What does it mean for a model to be large? The size of a model એક a trained neural network is measured by the number of its parameters. These are values in the network that change frequently during training and are then used to make model predictions. Generally speaking, the more parameters the model has, the more information it can get from its training data, and its predictions about the latest data will be more accurate.
The GPT-3 has 175 billion dimensions 10 10 times more than its predecessor, the GPT-2. But GPT-3 has been dwarfed by the class of 2021. Jurassic-1 rolled out GPT-3 with 178 billion parameters, a commercially available giant language model launched in September by US startup AI21 Labs. The new model Gopher, released by Deepmind in December, has 280 billion parameters. Megatron-Turing NLG has 530 billion. Google’s Switch-Transformer and GLaM models have dimensions of one and 1.2 trillion, respectively.
This trend is not unique to the US. This year, Chinese tech giant Huawei has created a 200-billion-parameter language model called PanGu. Inspur, another Chinese firm made 1.0 yuan, a 245-billion-parameter model. Baidu and Peng Cheng Laboratory, a research institute in Shenzhen, PCL-BAIDU Wenxin, announced a model with 280 billion parameters that Baidu is already using in various applications, including Internet search, news feeds and smart speakers. And AI’s Beijing Academy announced Wu Dao 2.0, which has 1.75 trillion dimensions.
Meanwhile, South Korean internet search firm Never announced a model called HyperCLOVA, with 204 billion parameters.
Each of these is a remarkable achievement of engineering. For starters, training a model with more than 100 billion dimensions is a complex plumbing problem: hundreds of individual GPUs – hard neural networks of choice must be hardware-connected and synchronized to train the deep neural network, and training data must be divided into parts and fitted at the right time. Distributed among them in order.

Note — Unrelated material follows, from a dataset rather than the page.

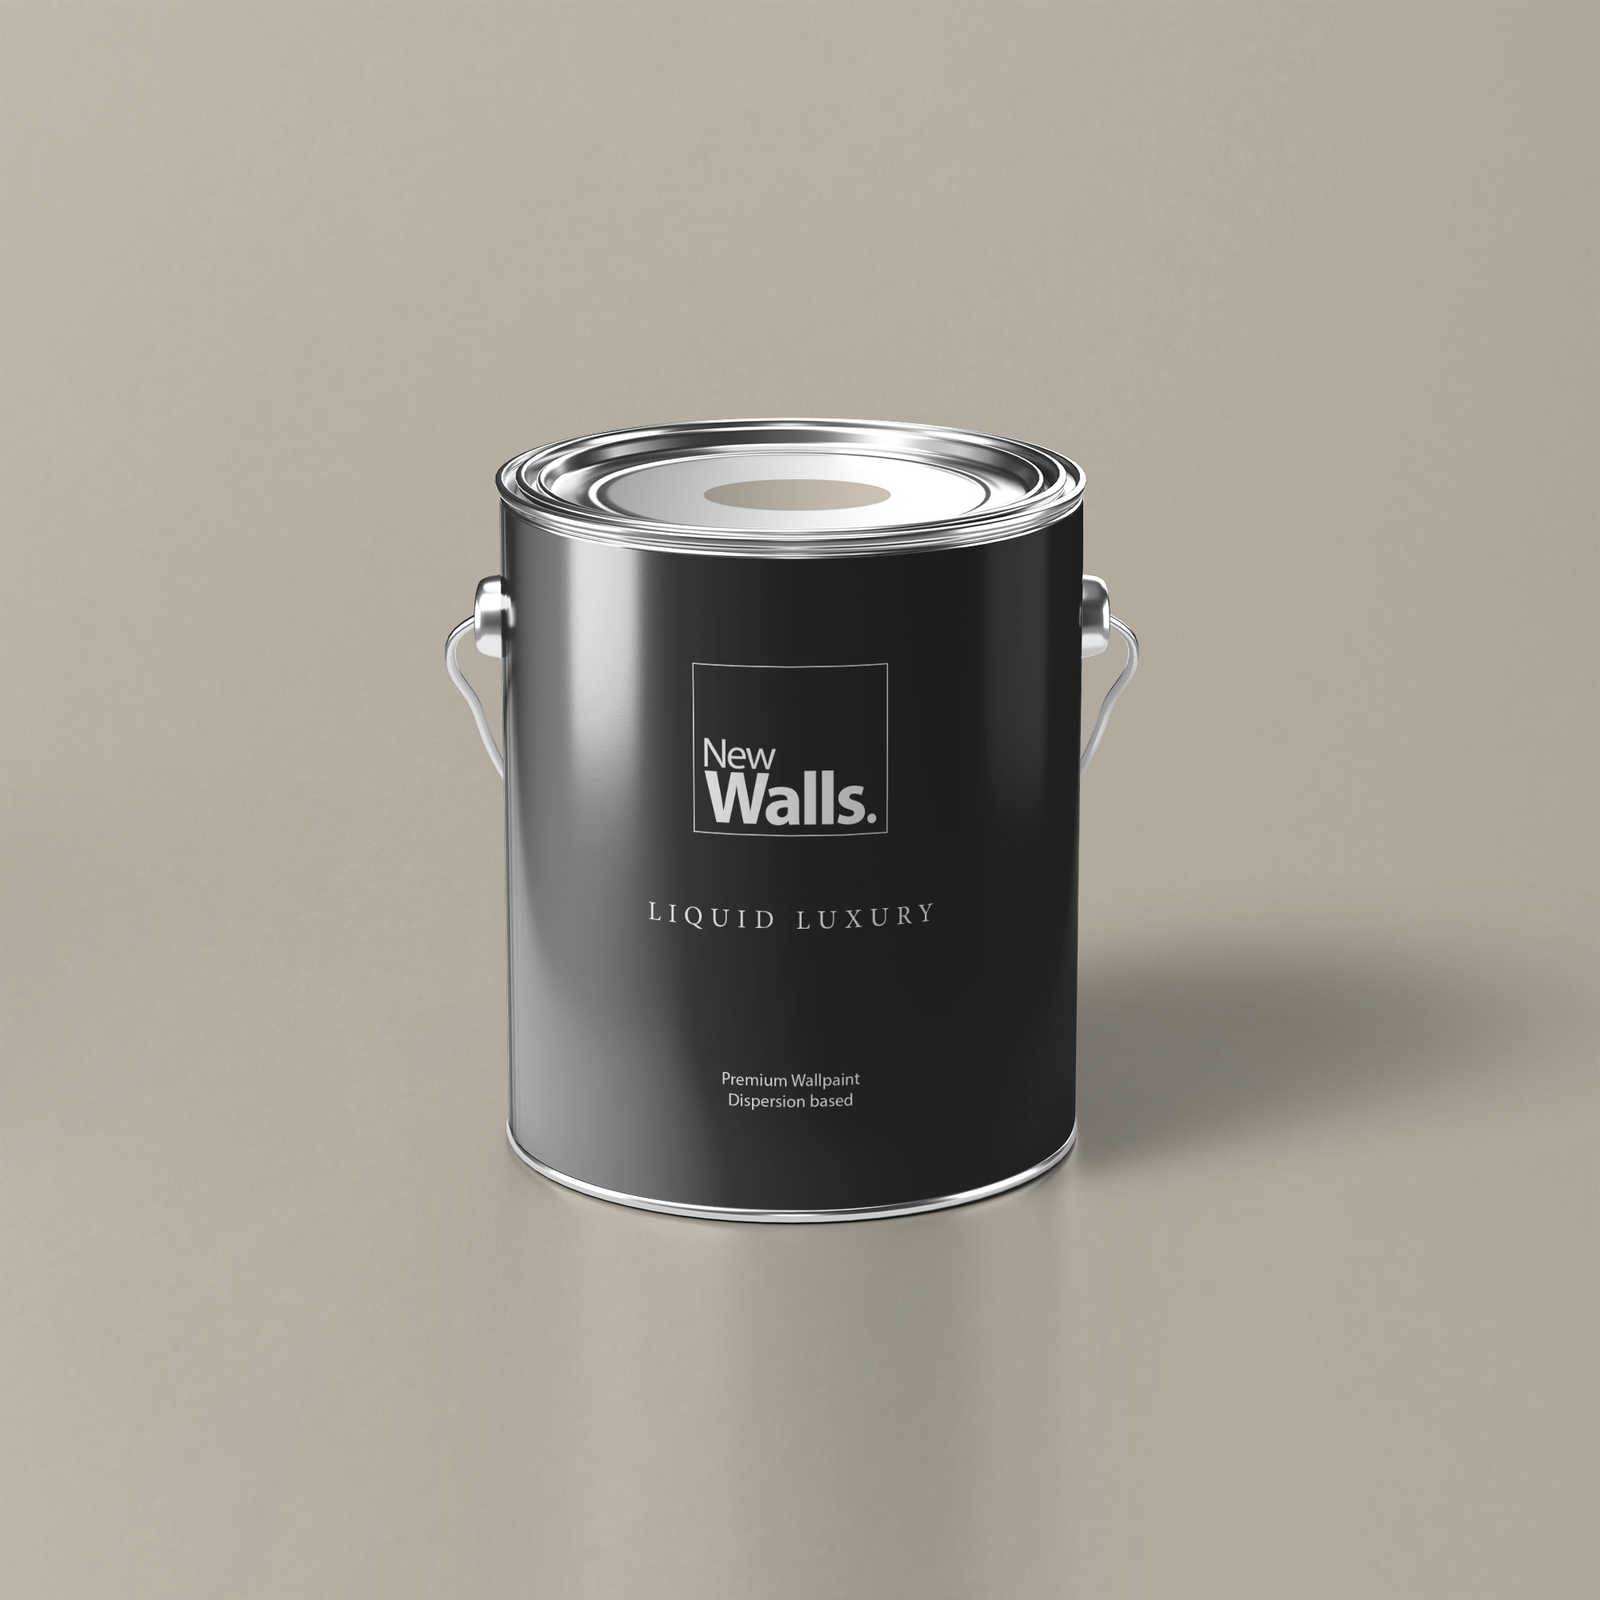 Premium Wall Paint cosy taupe »Talented calm taupe« NW700 – 5 litre

Large language models have become reputable projects that showcase the company’s technical expertise. However, some of these newer models go further than repeating the demonstration that scaling up results in better results.
There are a handful of innovations. Once trained, Google’s Switch-Transformer and GLaM use a fraction of their parameters to predict, so they save computing power. PCL-Baidu Wenxin combines the GPT-3-style model with the Knowledge Graph, a technology used in old-school symbolic AI to store facts. And with Gopher, DeepMind released RETRO, a language model with only 7 billion parameters that competes with others 25 times its size by cross-referencing a database of documents when generating text. This makes the retro less expensive to train than its larger competitors.